L'opinion de Rabbi Chimon :
Rabbi Chimon adopte une approche différente et déduit du verset un autre point ; il ne conteste pas, mais comprend le verset d'une manière différente : "ma chnaïm enan neheragin ad cheyihyou chenehem zomemin, af chelocha enan neheragin ad cheyihyou chelochtan zomemin". De même que l'on n'applique pas la loi des edim zomemim (témoins convaincus de faux par alibi) à deux témoins, pour les mettre à mort, tant qu'il n'a pas été prouvé que tous deux sont menteurs, de même trois témoins qui ont témoigné ensemble : on n'en met aucun à mort et on n'applique à aucun d'eux la loi de hazama, tant que les trois n'ont pas tous été réfutés. Et là aussi : "ouminayin afilou mea ? talmoud lomar : edim" - du mot superflu "edim" nous apprenons que si un groupe de cent a témoigné, il faut que chacun d'eux soit réfuté.

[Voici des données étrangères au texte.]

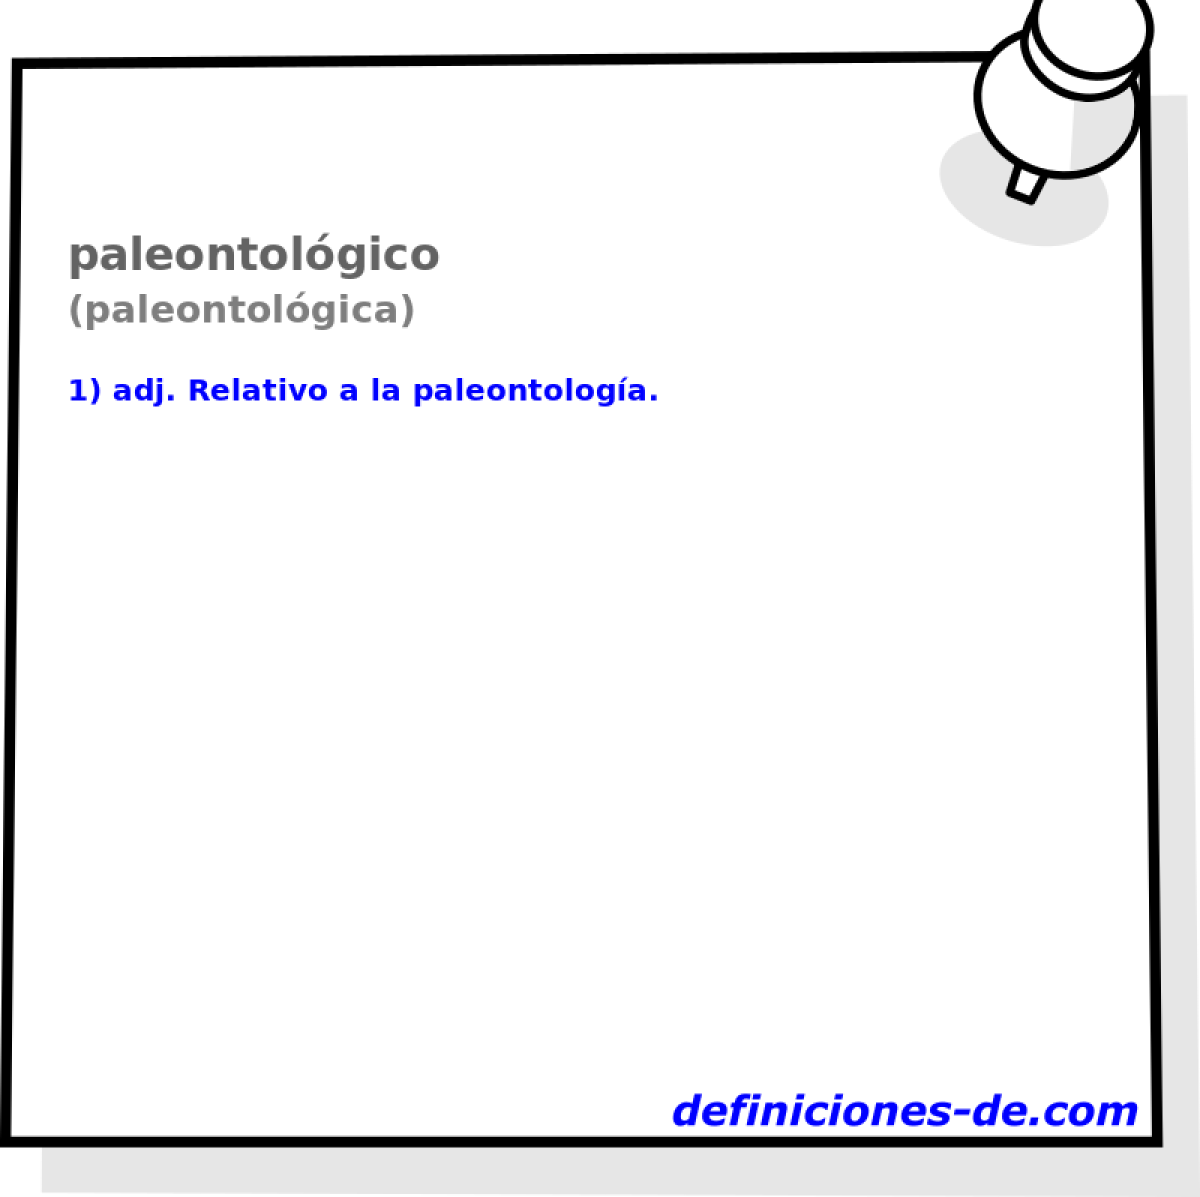 paleontolgico (paleontolgica)

L'opinion de Rabbi Akiva :
Rabbi Akiva propose une troisième approche : "lo ba hachelichi ela lehahmir alav velaassot dino kayotse baelou" - la mention des trois vise le troisième témoin, et vient aggraver son sort en rendant sa loi identique à celle des deux premiers. Si le mot "chelocha" n'avait pas été dit, on aurait pu penser que le témoignage des deux premiers témoins seuls suffit, tandis que le troisième témoin ne porterait pas de responsabilité selon la loi de hazama et qu'on ne lui infligerait pas la même peine, puisque le témoignage était valide même sans lui. La Torah est venue enseigner qu'il faut aggraver son sort et lui donner une loi identique à celle des deux premiers.
Un fondement dans la façon dont le Saint béni soit-Il conduit Son monde :
De là, la michna dégage un fondement dans la conduite du Saint béni soit-Il : "im ken anach hakatouv laniftal leovrei avera keovrei avera - al ahat kama vekama cheyechalem sahar laniftal leossei mitsva keossei mitsva". Les deux premiers témoins sont ceux qui causent le malheur, et le troisième témoin ne fait que se joindre à eux, et pourtant la Torah lui a attribué exactement la même peine. À plus forte raison : si le verset, c'est-à-dire le Saint béni soit-Il, punit celui qui se joint à ceux qui commettent une faute comme celui qui commet la faute lui-même, Il donnera certainement une récompense à celui qui se joint à ceux qui accomplissent une mitsva comme à celui qui accomplit la mitsva.
En résumé : Dans cette Michna, nous avons appris qu'il n'y a pas de différence entre deux témoins et trois quant à la validité même du témoignage, et trois explications ont été données concernant la mention des trois dans le verset : le rapprochement de deux avec trois pour ce qui est de la hazama (réfutation des témoins) - et même de cent, déduit du mot superflu "edim" (témoins) ; l'opinion de Rabbi Chimon, selon laquelle la loi de la hazama ne s'applique que si tous ont été réfutés ; et l'opinion de Rabbi Akiva, selon laquelle le verset vient rendre plus sévère le sort du troisième témoin et l'égaler à celui de ses compagnons. De là découle le grand principe : l'adjonction elle-même crée un partenariat et une responsabilité - celui qui se joint à ceux qui transgressent est puni comme les transgresseurs, et à plus forte raison celui qui se joint à ceux qui accomplissent une mitsva reçoit une récompense comme celui qui accomplit la mitsva.